_DATA:_
-- -- --
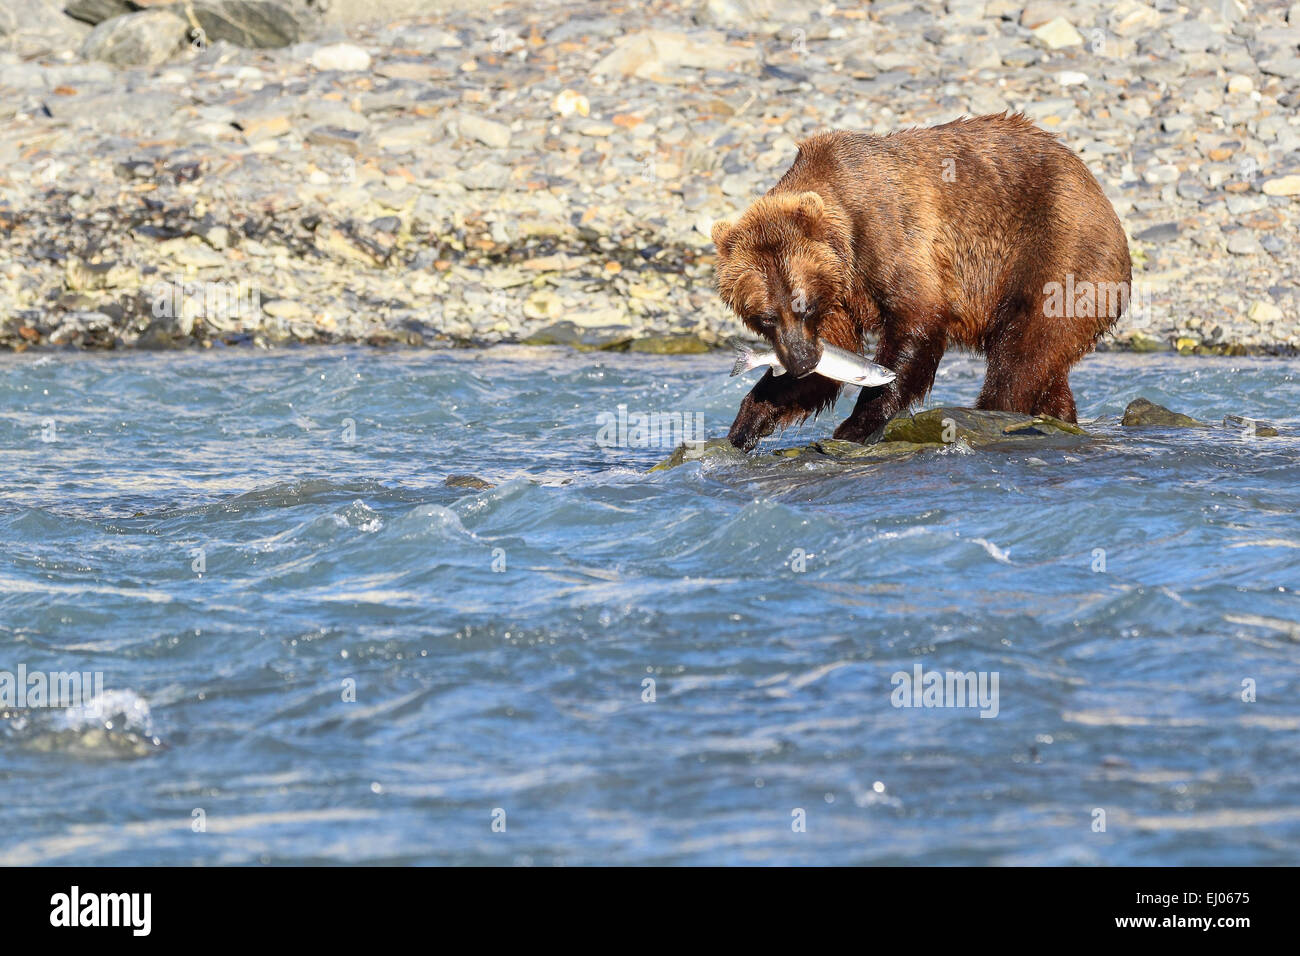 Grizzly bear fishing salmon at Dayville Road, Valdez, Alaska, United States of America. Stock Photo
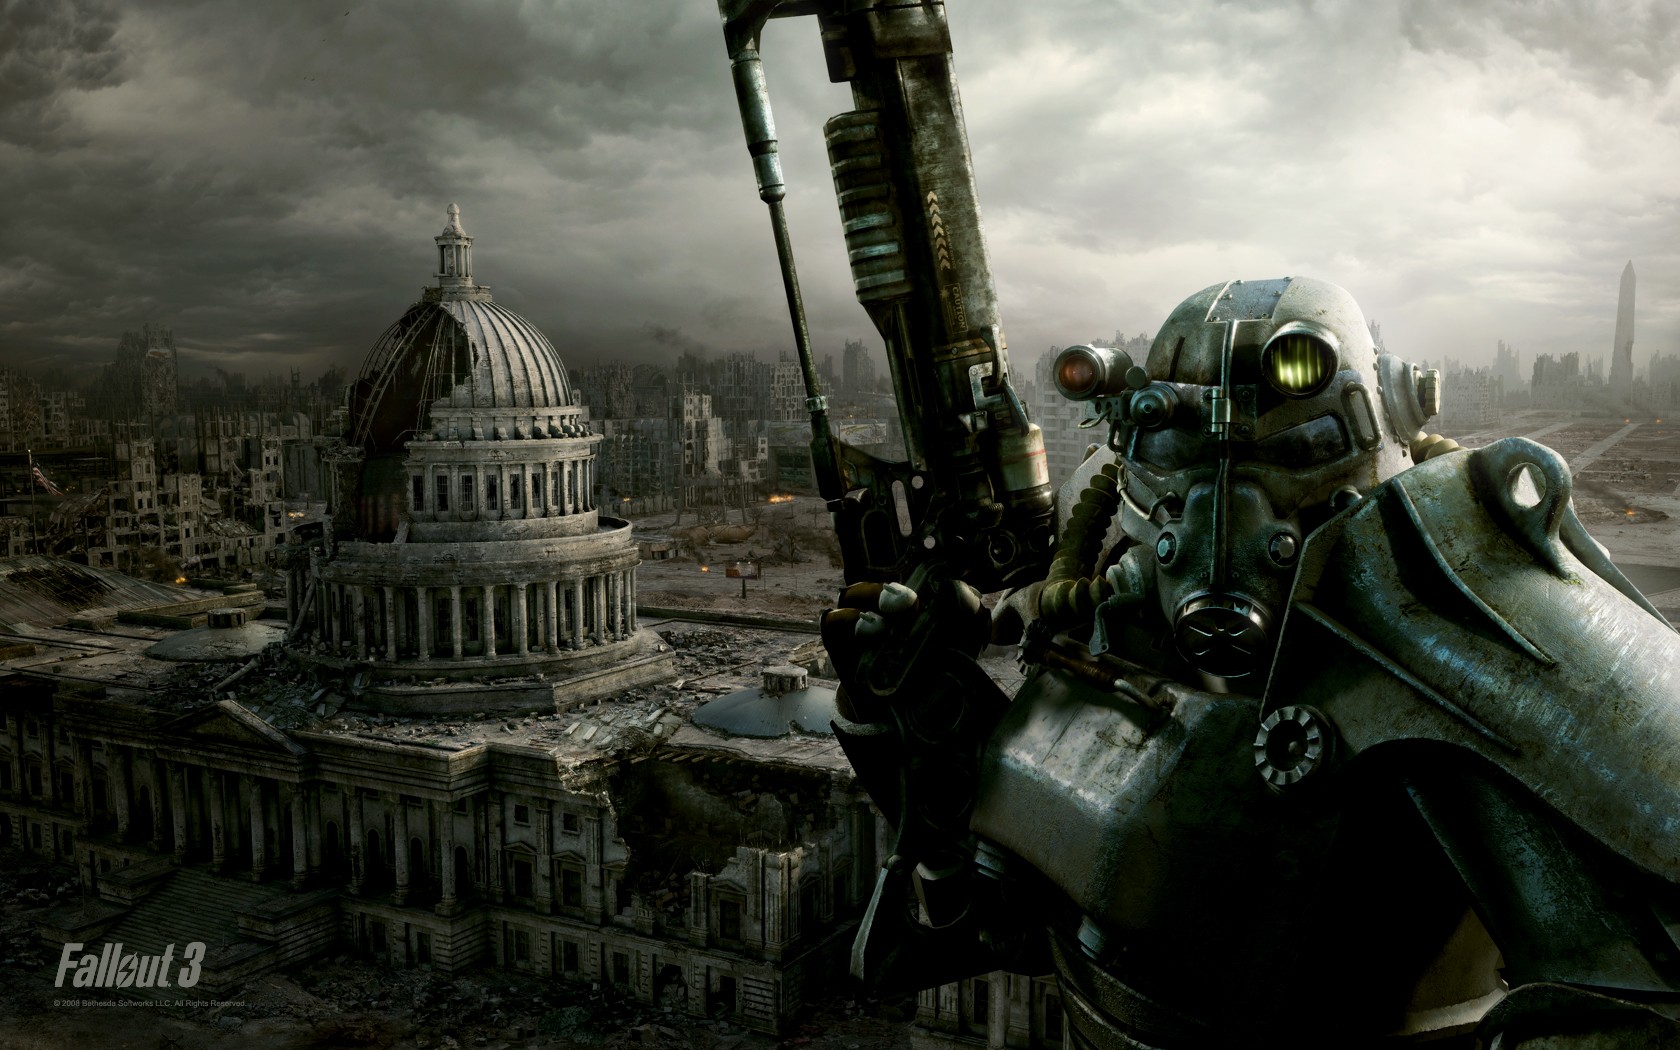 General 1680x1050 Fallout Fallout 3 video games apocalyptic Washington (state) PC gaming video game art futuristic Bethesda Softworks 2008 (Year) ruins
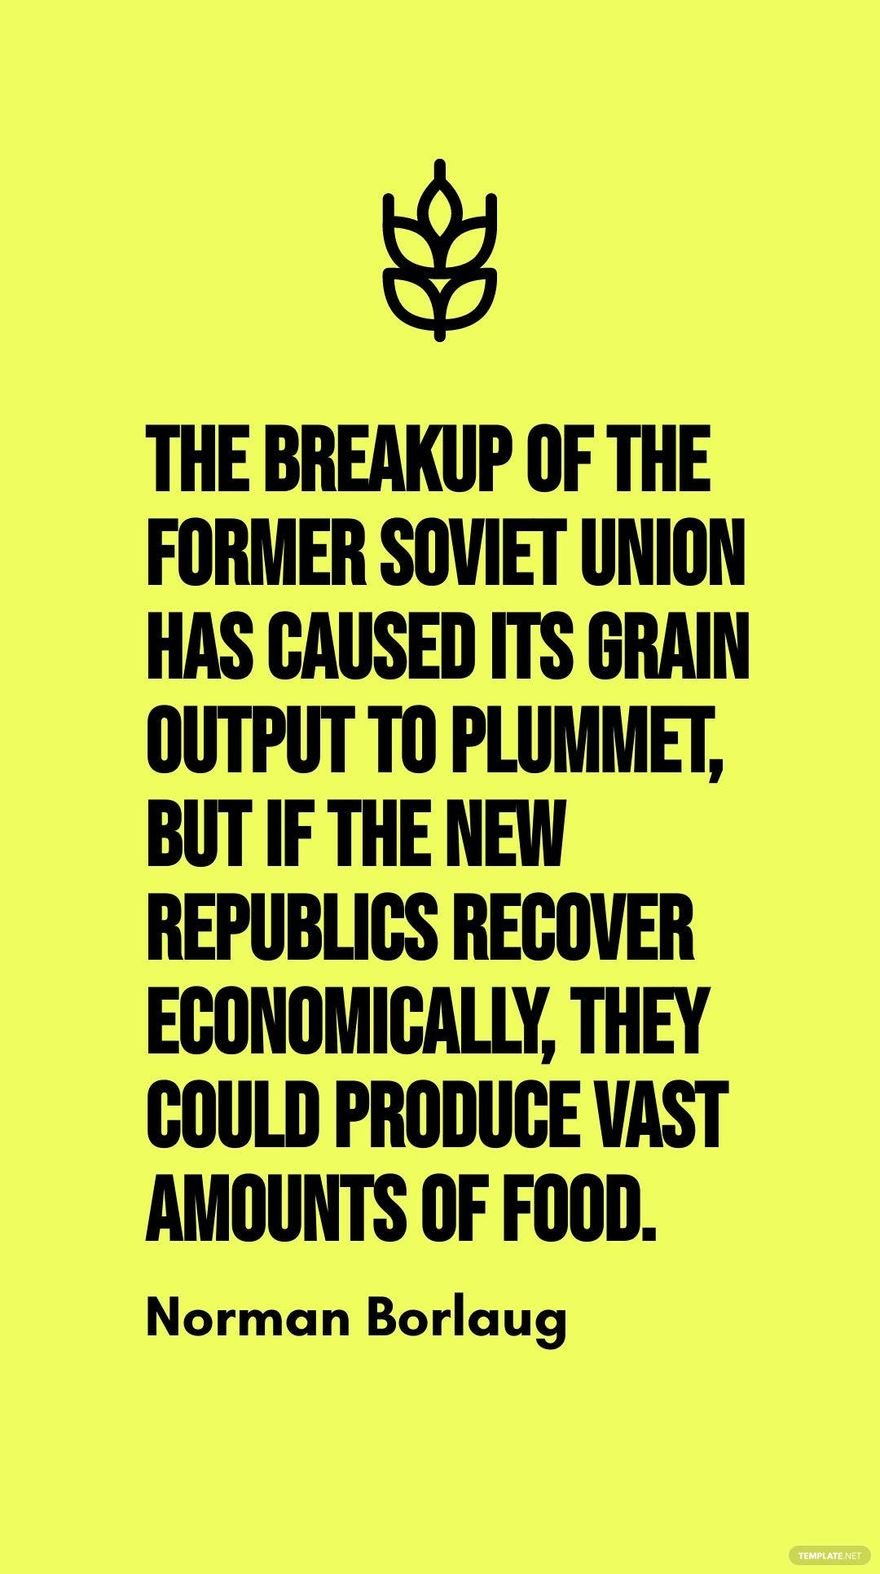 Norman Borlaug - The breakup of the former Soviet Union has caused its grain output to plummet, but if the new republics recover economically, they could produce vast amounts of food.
-- -- --
_DIRECTIONS FOR THIS TASK:_ Return the material in full and unaltered, minus its pictures.

_SOLUTION TO THIS EXERCISE:_
 Grizzly bear fishing salmon at Dayville Road, Valdez, Alaska, United States of America. Stock Photo
 General 1680x1050 Fallout Fallout 3 video games apocalyptic Washington (state) PC gaming video game art futuristic Bethesda Softworks 2008 (Year) ruins
 Norman Borlaug - The breakup of the former Soviet Union has caused its grain output to plummet, but if the new republics recover economically, they could produce vast amounts of food.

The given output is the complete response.